Hans Ibelings: You've worked with a range of Pritzker Prize winners: Álvaro Siza, Norman Foster and Eduardo Souto Moura, with Rem Koolhaas as the local architects for the Casa da Musica, and also with David Chipperfield, who is a not unlikely candidate for a future award. Do these architects have something in common?
Jorge Carvalho: With all those architects you mentioned, everything, all aspects, all scales of the project and all scales of thought are taken to the limit. Without compromise. That's what they share. They all feel free to judge the world they are working in, the conditions of the project, the available options. All this is connected. So taking everything to the limit, and always assuming the freedom to do so, seem to be common characteristics.

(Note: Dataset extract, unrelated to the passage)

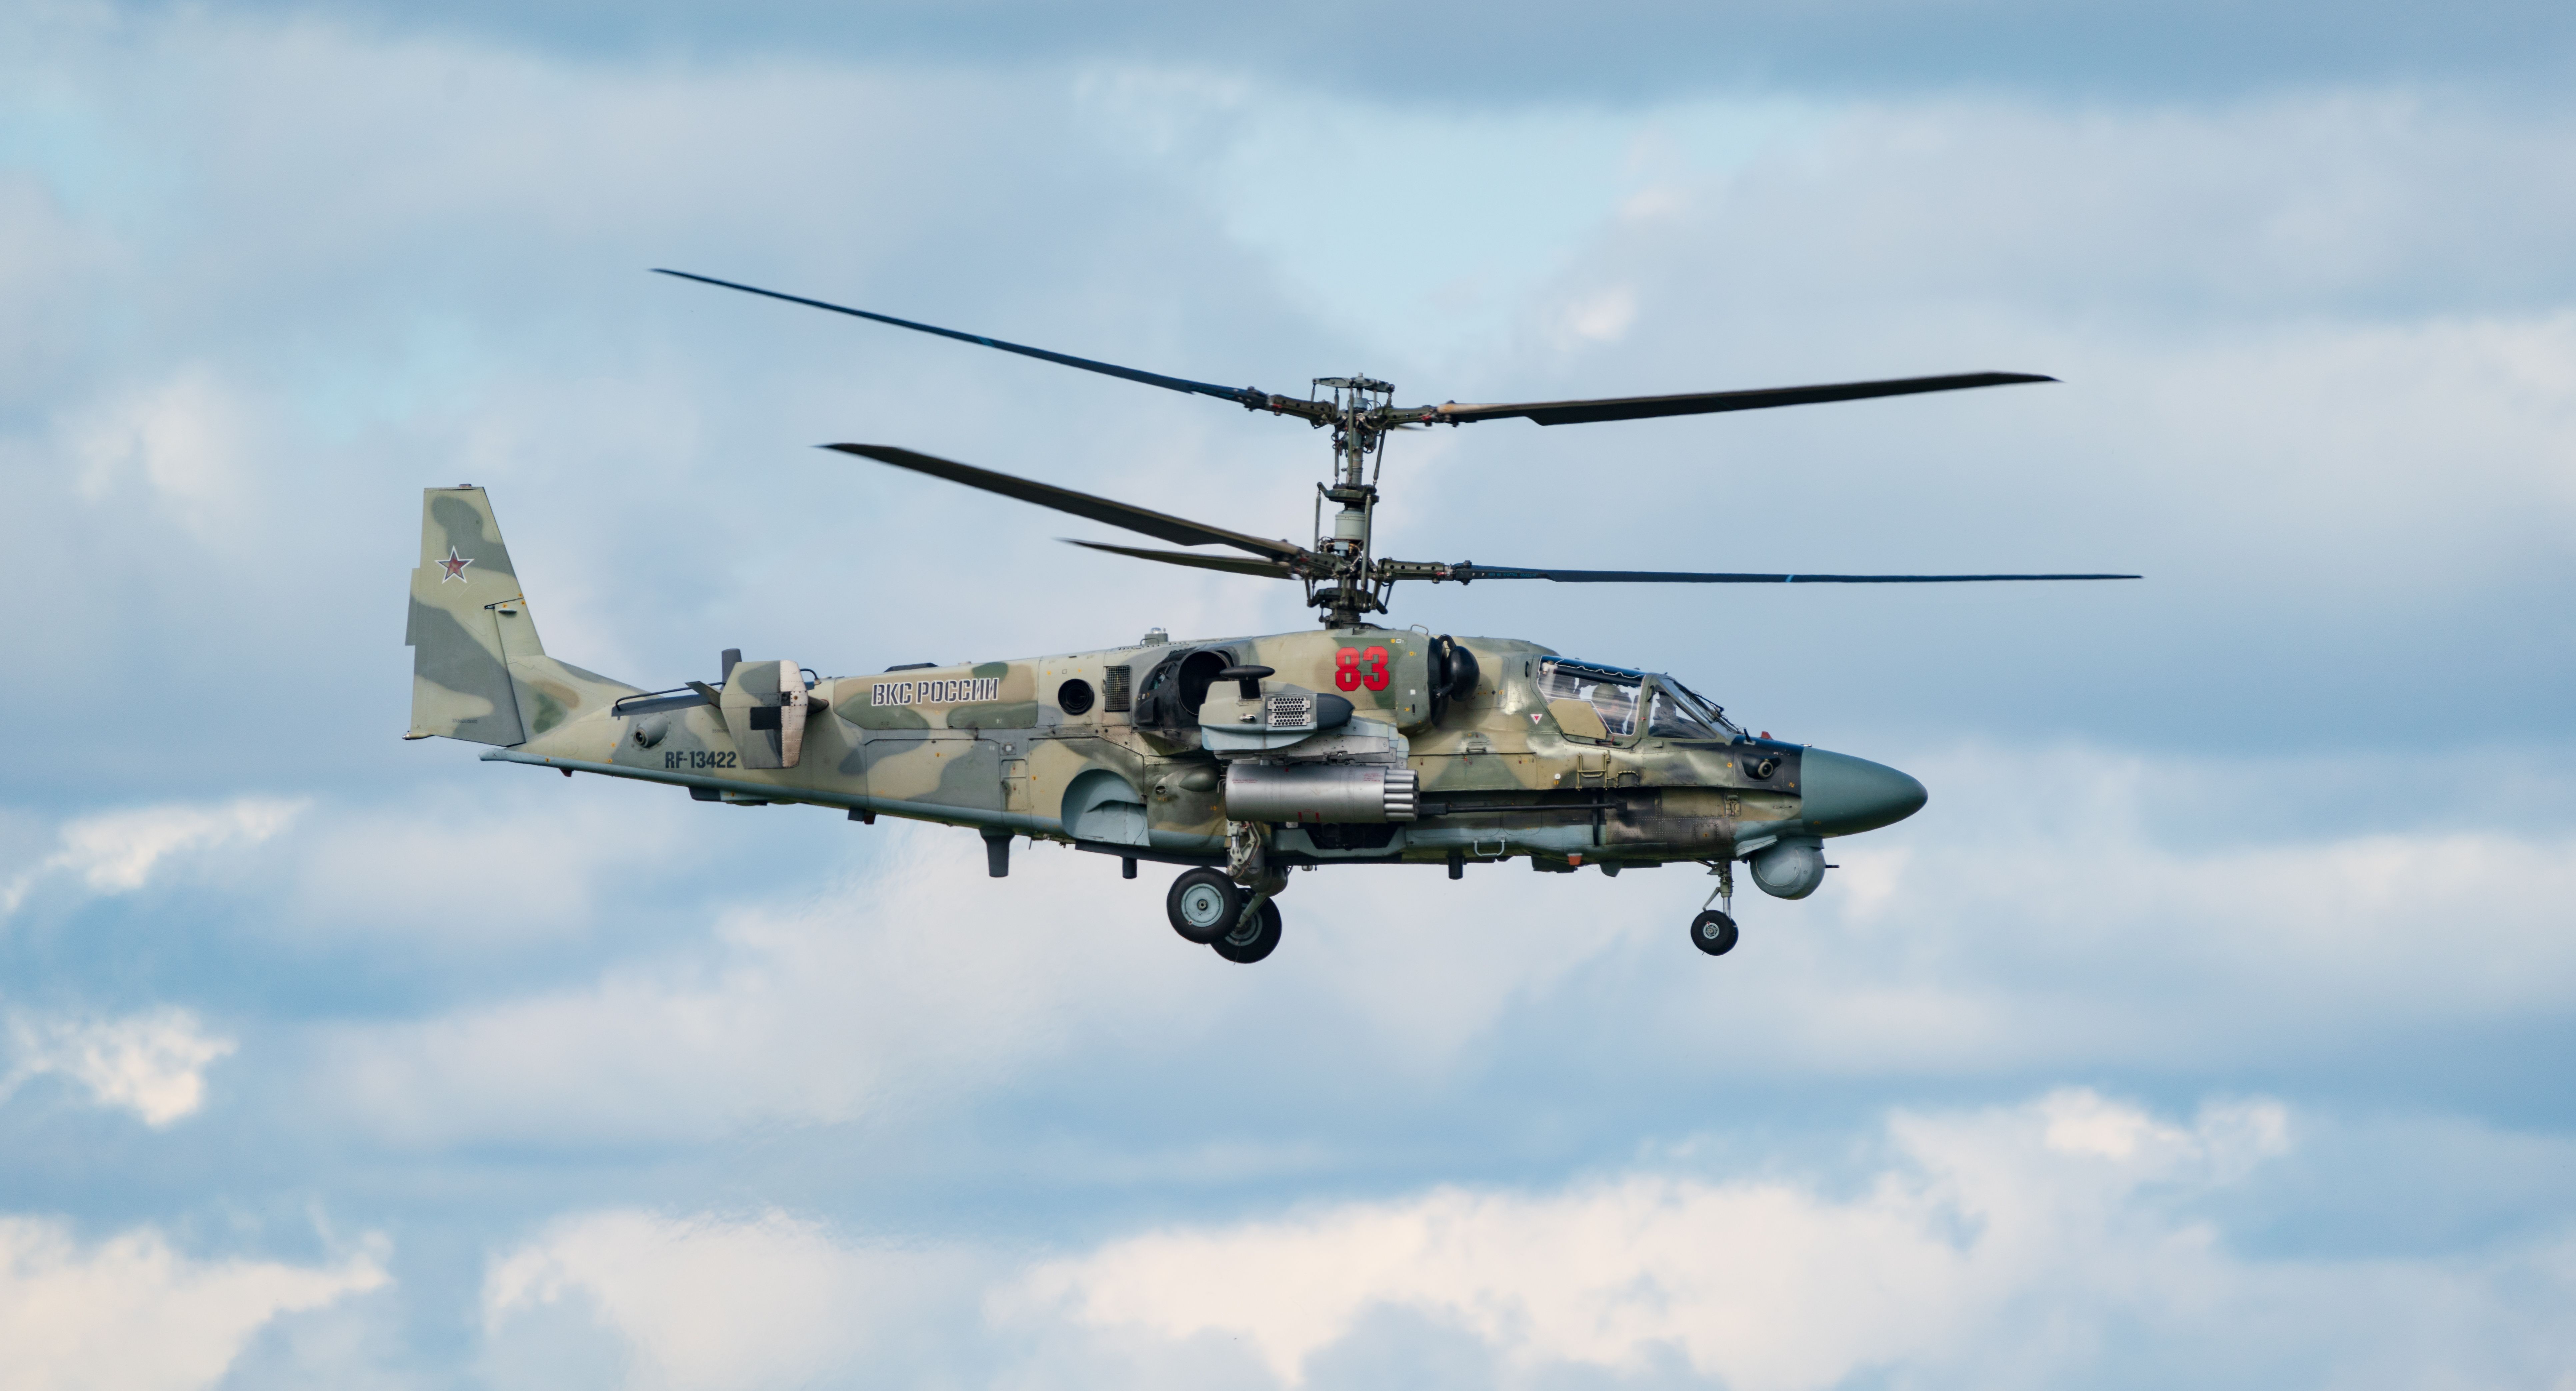 Kamov Ka-52 attack helicopter

Teresa Novais: We usually say to our students that what our experiences over the years have taught us, is that these architects are extremely persistent and they never deviate from their chosen path. There are no special tricks; architecture is always very difficult and it is as difficult for these top architects as it is for anyone else. The only difference is that they never give up their aesthetic and ethical positions and they always manage to find a positive aspect to difficult things. They push the client, the contractor, the people who work with them to the limit all the time. Architecture in the end requires a huge amount of work and determination. It has nothing to do with management and all that sort of thing. That's important, of course, but what really matters is persistence when it comes to the creative process.